Fujiko Sudaさんのblogエントリーで紹介されていた「暗黙知の共用化が売る力を伸ばす」を読んだ。
この本で書かれているのは日本ロシュで行われた「できる営業マンのノウハウをできない営業マンに伝える」プロジェクトの全貌だ。文書や規定になって公開されている知識ではなく、一人一人が体験を通じて得た「知恵」を伝えることについて。
特に印象に残ったのは2点。
・営業活動を「入力(専門知識、経費)」「プロセス」「出力(売上)」にわけるとするならば、中間の「プロセス」を調べて、改善しよう、という手法は以前セミナーに参加したソフトブレーン社のソリューションと共通するものがある。他であまり聞いたことがないから目立って覚えているのだけど、実はこの2社の手法が営業の改善方法としての王道を歩んでいて、他の大多数の会社はそれに気づいていないのが現状なのでは、と考えた。

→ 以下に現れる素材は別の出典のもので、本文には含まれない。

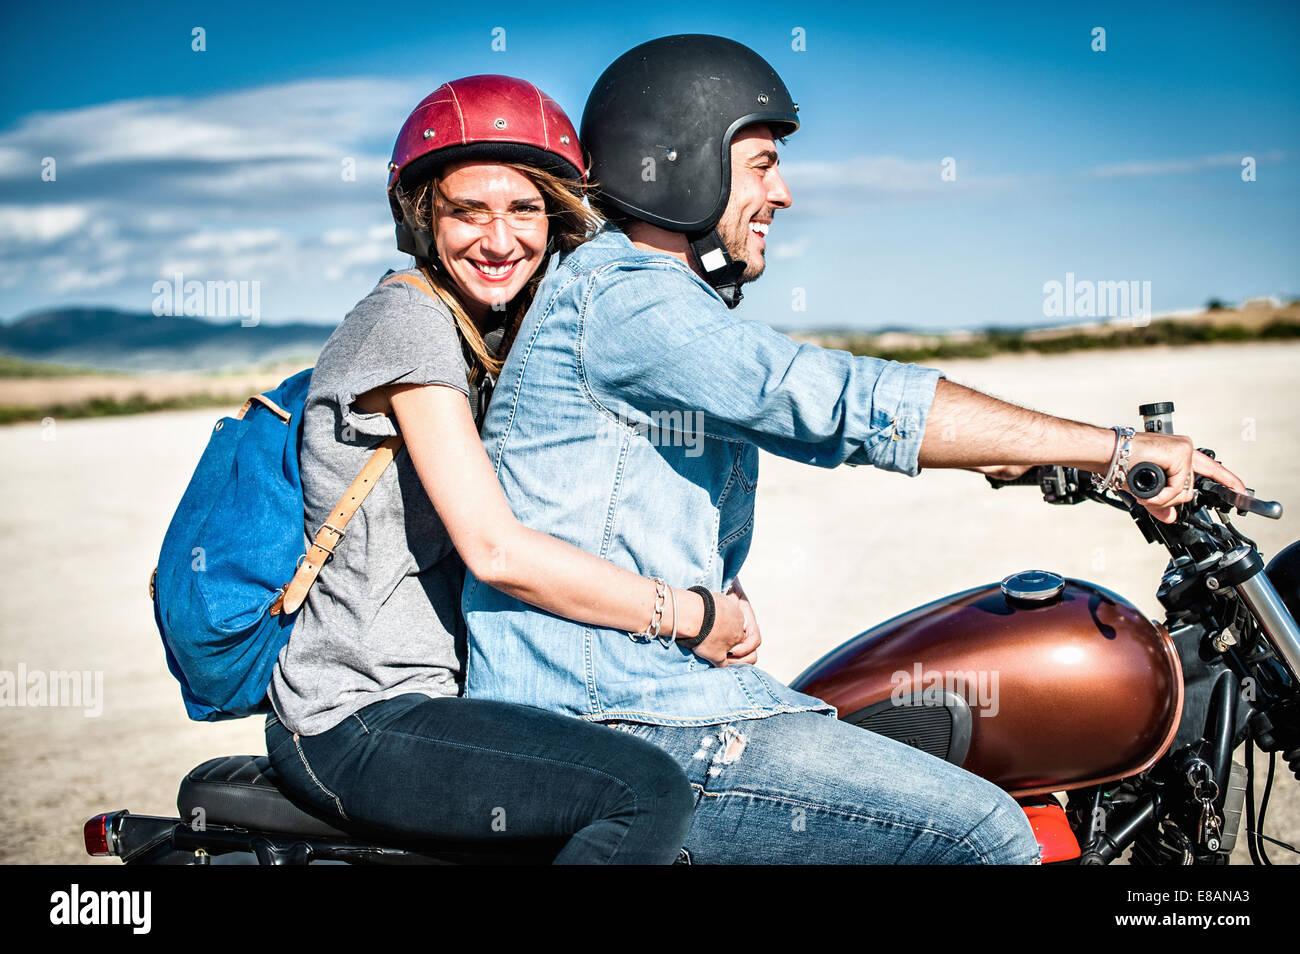 Pareja adulta media montando motocicleta en la árida llanura, Cagliari, Cerdeña, Italia Imagen De Stock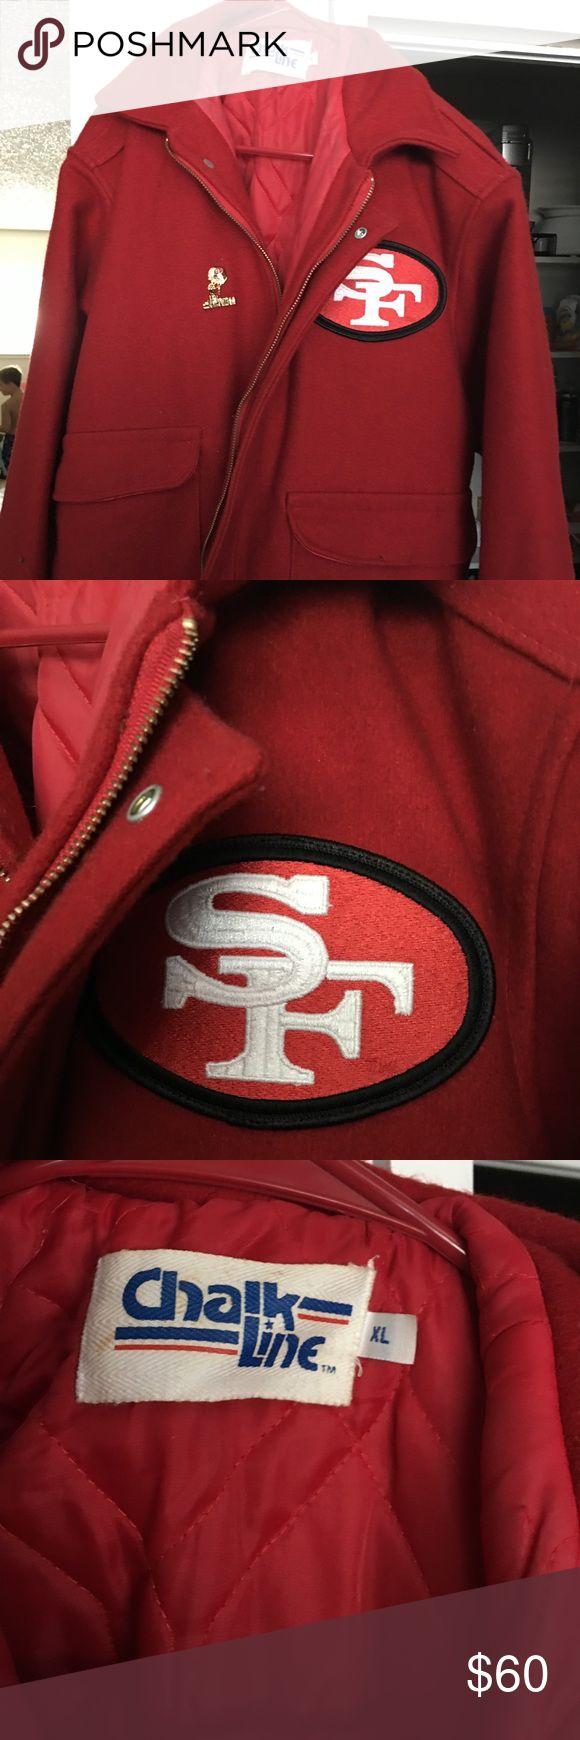 Wool San Francisco 49ers jacket Men's XL red wool San Francisco 49er jacket, excellent condition. Jackets & Coats

・MRと呼ばれる製薬会社の営業マンが膨大な量の専門知識を学んでいる、ということ。営業する時の基本的な条件として、対象分野の知識を豊富に持っていないと、この先は生き残れないのではないか、と薄々感じていたことを裏付けてくれたみたいだった。いずれは、営業マンの人柄や、ノミュニケーションの回数や、熱意などから、専門分野の知識の有無へ最重要項目が移るのだと思う。
僕は今技術サポートという肩書きで技術面でのトラブルや質問、製品説明などを担当しているが、近い将来、これらは営業マンが必要とする能力の必須になるのだろう。最初から営業職として採用されなかったことは実に幸運だった気がしてきた。やるとすれば、「技術サポートもできる営業」より、「営業もできる技術サポート」の方がシフトとしては楽そうだ。
逆に、売上が無くて困っている営業マンは専門知識の習得に着目すると、意外と早く復活するのでは。世間では営業マンに対するいろいろなハウツー本が出ているようだけど、そこを強調している本はそれほど多くは見かけないので自信はないがこれまで出会った「できない営業」の中で、専門知識を豊富に持っている人はあまり見たことが無い。また、「できる営業」で専門知識が欠如している人は一人も見たことがない。